__PROVIDED MATERIAL__
•••

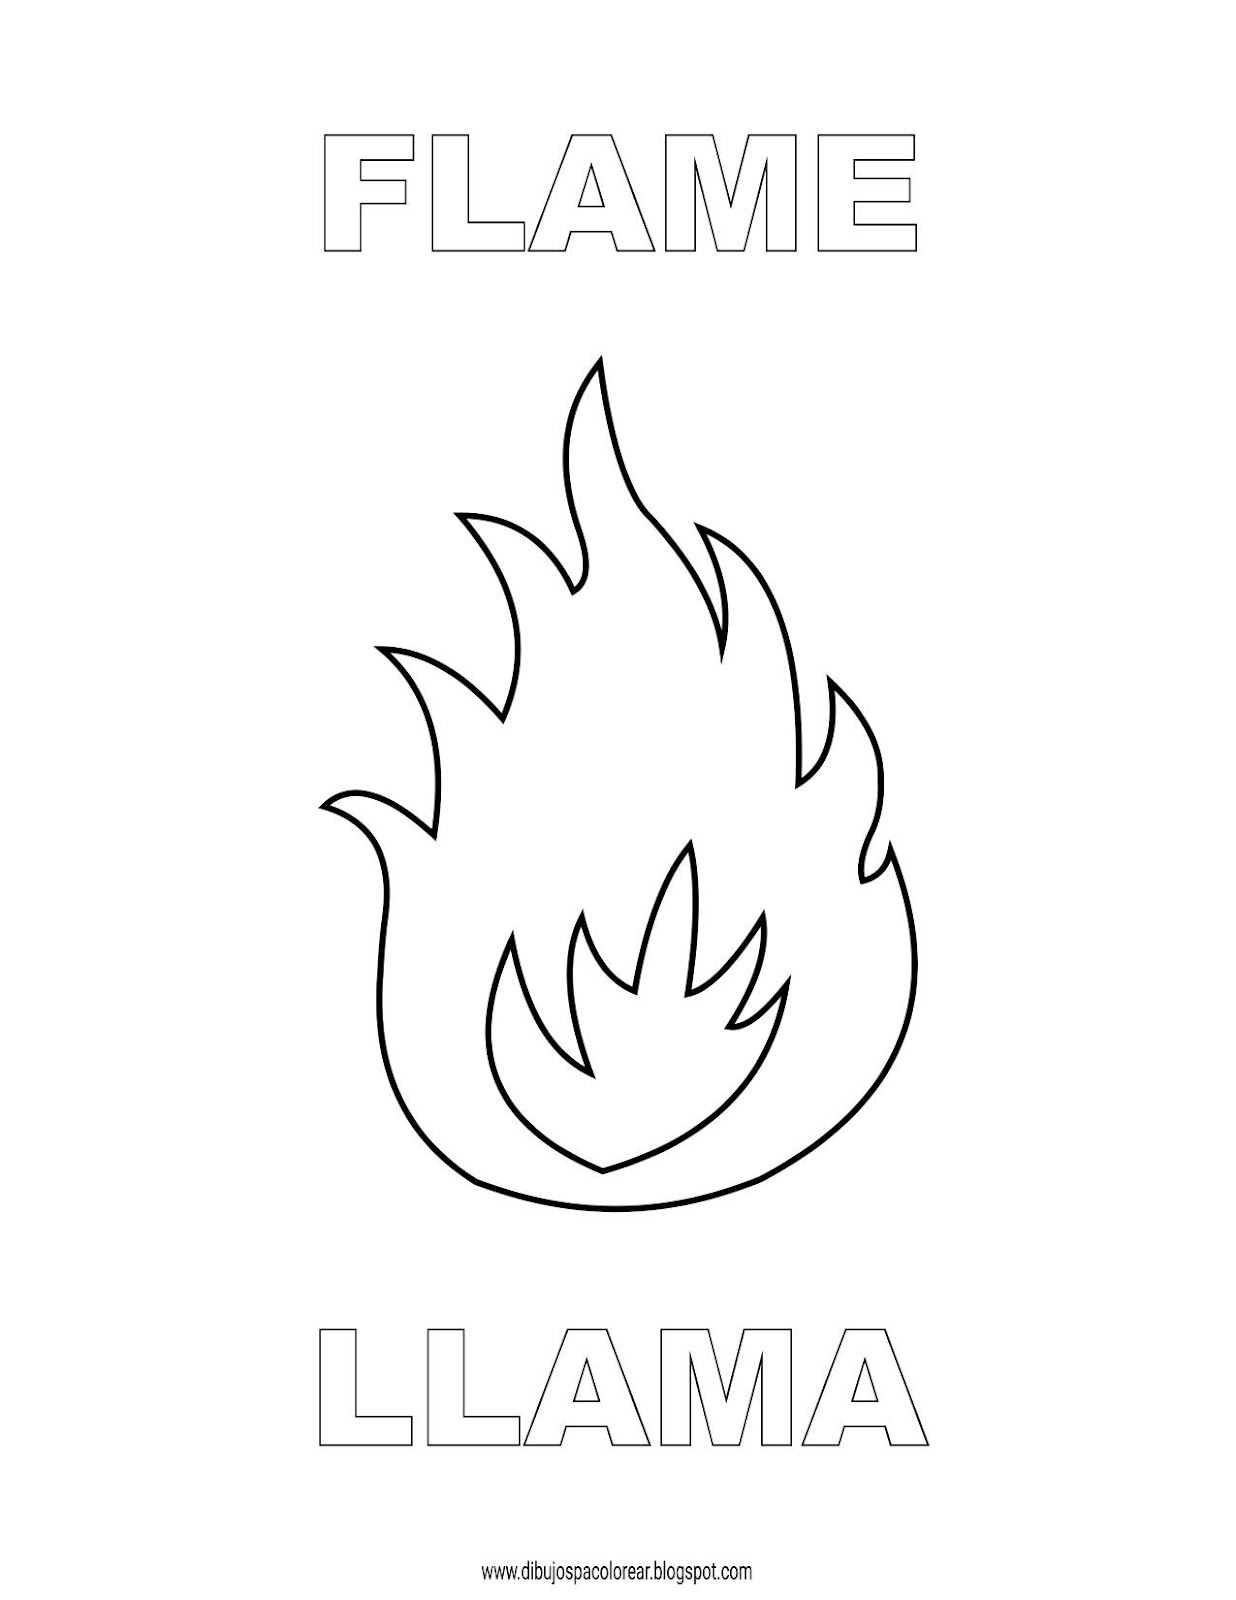 Dibujos Inglés Español Con Ll Llama Flame
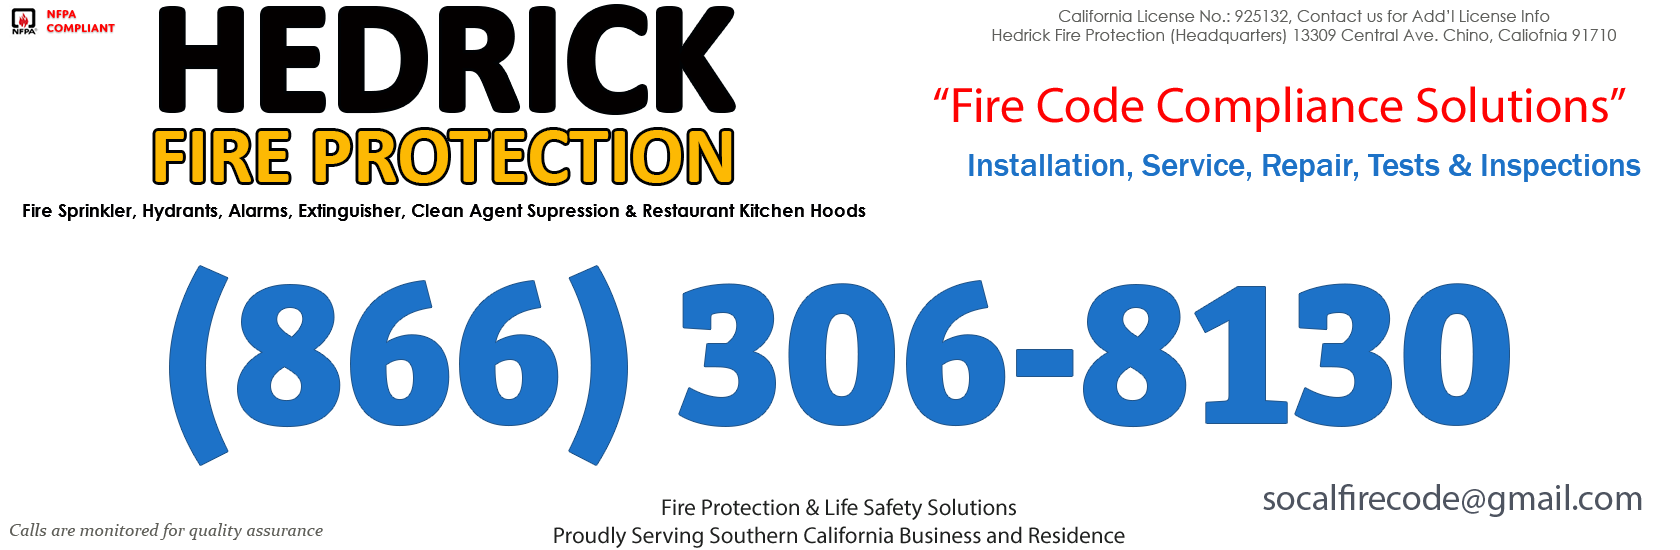 Chino Hills, California Fire Sprinkler Service Company
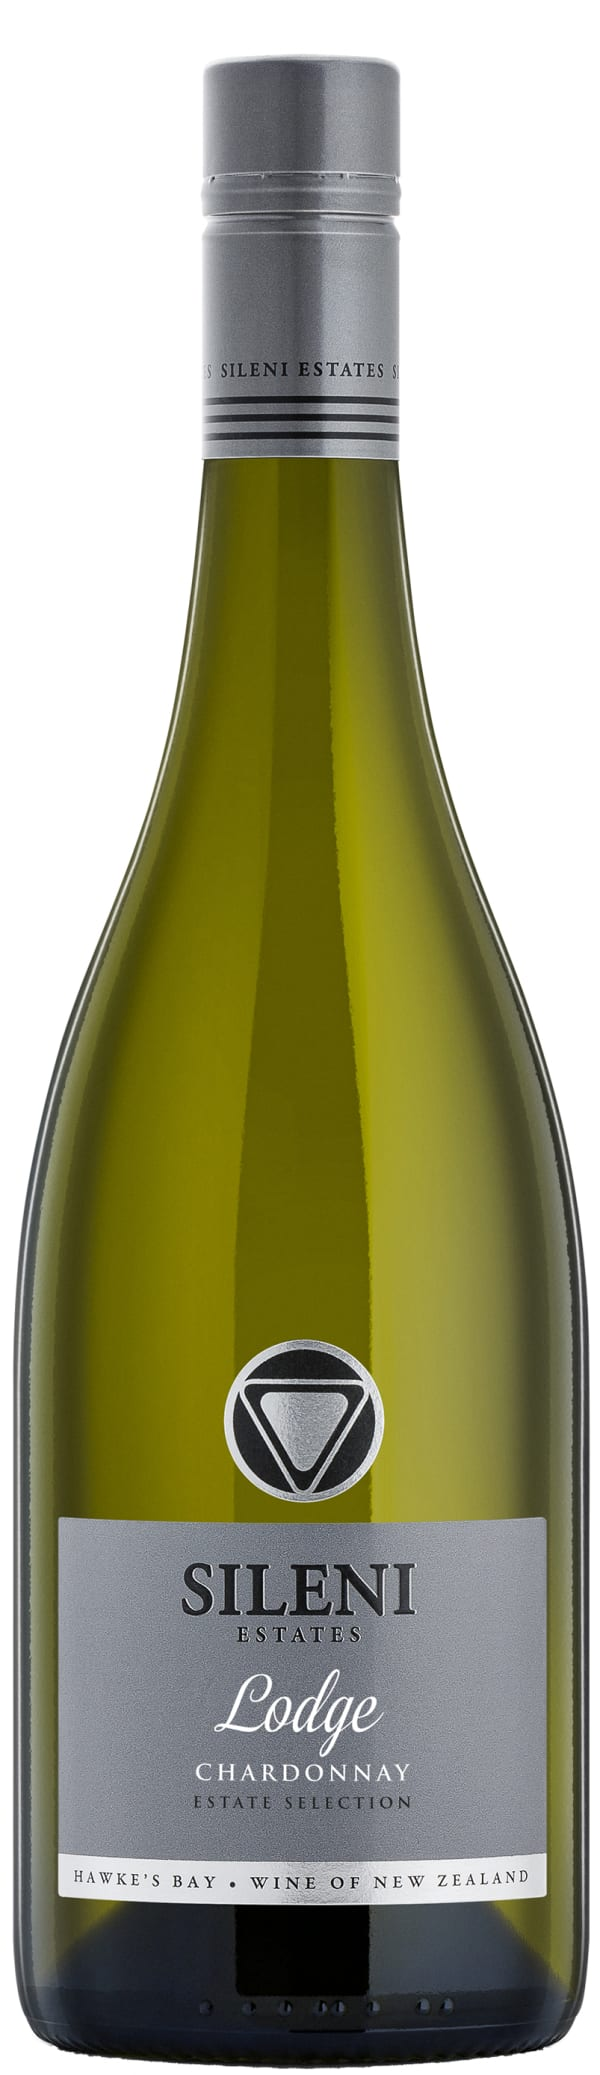 Sileni The Lodge Chardonnay 2016

•••

__AIM OF THE TASK__
Reproduce the listing exactly, images omitted.

__ANSWER FOR THE TASK__
 Dibujos Inglés Español Con Ll Llama Flame
 Chino Hills, California Fire Sprinkler Service Company
 Sileni The Lodge Chardonnay 2016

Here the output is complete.